Army Welfare Trust (AWT) was established in 1971 as a society under the Societies Registration Act of 1860, with an initial endowment of Rs 0.7 million. It became fully operational in 1977. The first commercial unit of the trust was a stud farm located in Probyanabad which it received from Pakistan Army in 1972.

In 1984, AWT Sugar Mills was established in Badin with an initial crushing capacity of 2000 tonnes per day (TPD) which was later increased to 3400 TPD. In the same year, stud farm in Boyle Gunj came under the control of AWT.

In 1988, AWT Rice Mills was established in Rakh Baikunth with the capacity to process 5,500 tonnes of paddy and 3,000 tonnes of rice.

In 1990, AWT founded Askari Shoes with a factory in Lahore. In the same year, Army Welfare Mess and Blue Lagoon Restaurant was launched in Rawalpindi.
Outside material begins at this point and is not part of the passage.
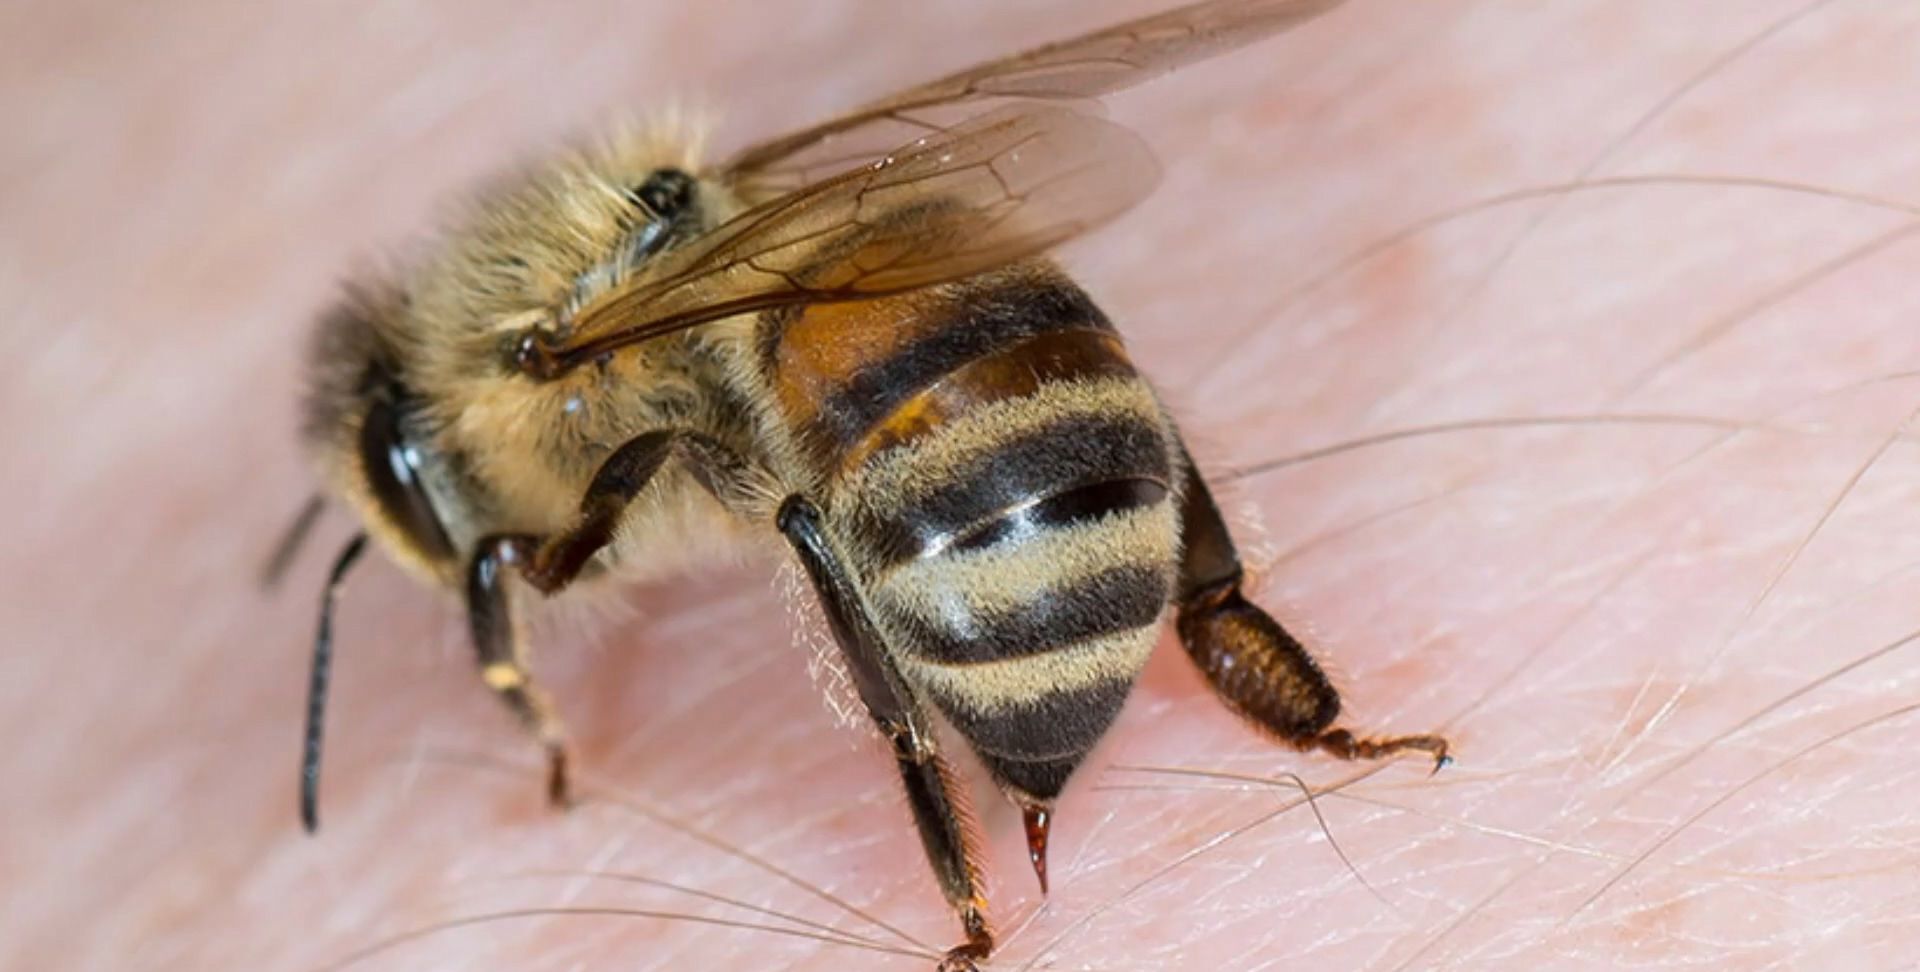 蜜蜂螫傷怎辦？一文睇被蜂螫傷處理方法、遇蜂應變、防蜂類襲擊安全指引 (15:42) - 20230512 - 熱點 - 即時新聞 - 明報新聞網
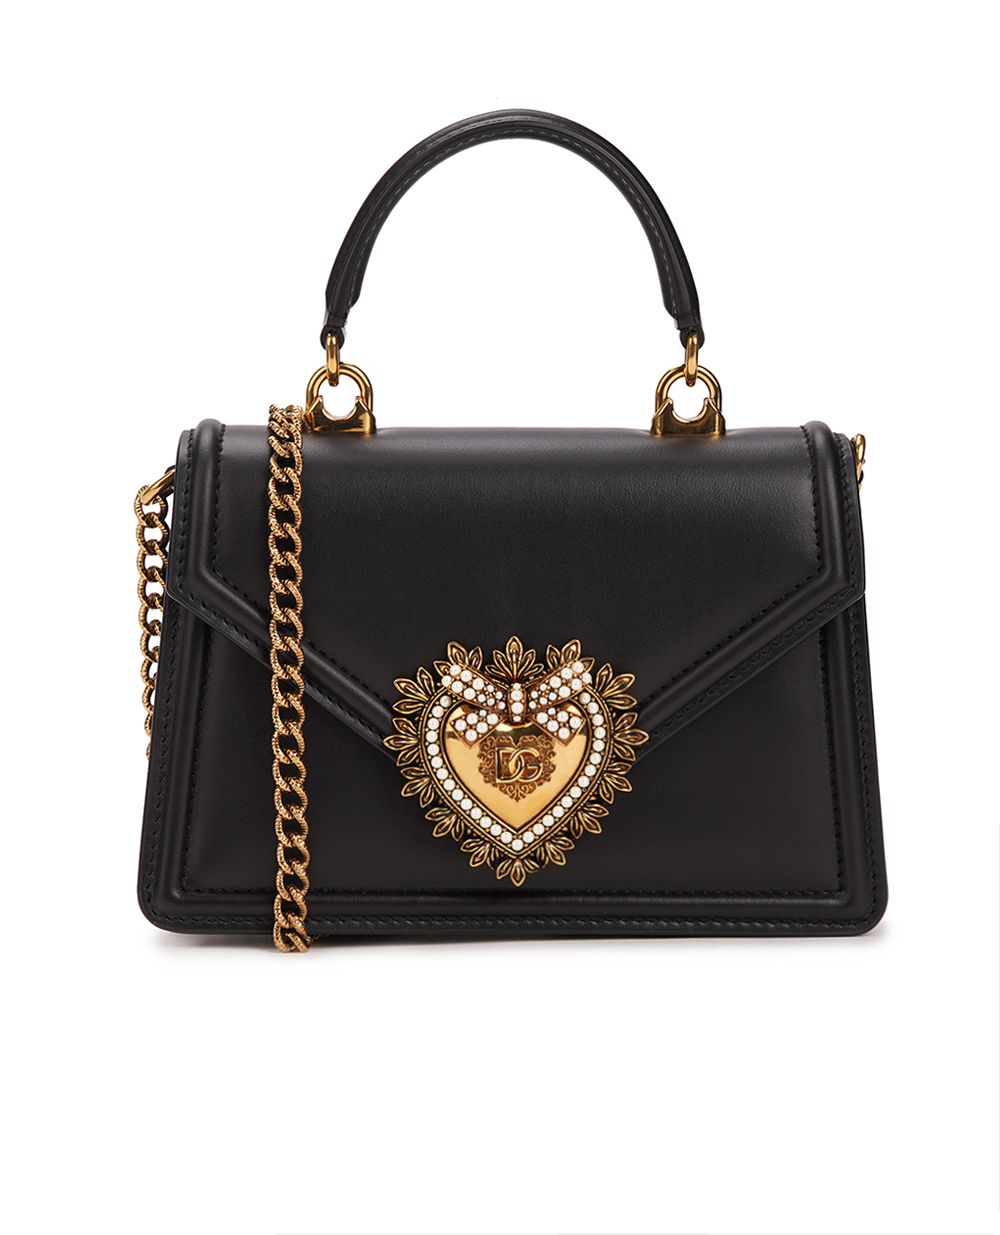 Кожаная сумка Devotion Small Dolce&Gabbana BB6711-AV893, черный цвет • Купить в интернет-магазине Kameron

In 1991, AWT launched housing schemes in Lahore, Badaber, and Sangjani near Islamabad.

In 1995, AWT entered insurance and aviation business and established Askari General Insurance and Askari Aviation Services.

In 1996, AWT acquired 80 percent shareholding of the Wah Cement Company under the government's privatization policy. In the same year, AWT established Mobil Askari Lubricants in a joint venture with Mobil Oil Corporation, with a 30 percent equity share. The lubricant blending and distribution plant was constructed in Karachi and it began commercial production in 1997. Askari Guards was also established in 1996.

In 2002, AWT established a business in fuel sector called Askari CNG. It was renamed as Askari Fuels in May 2014.

In 2004, AWT founded Askari Seeds which now has three factories located in Lahore, Okara, and Sukkur.

In 2013, AWT sold its pharmaceuticals business located in Phool Nagar, Askari Pharmaceuticals, which was later renamed as Citi Pharma.

In 2014, AWT acquired Fauji Security Services from Fauji Foundation. In the same year, Askari Apparel was established in Lahore.

In 2015, AWT inaugurated Askari Blue Lagoon in Faisalabad.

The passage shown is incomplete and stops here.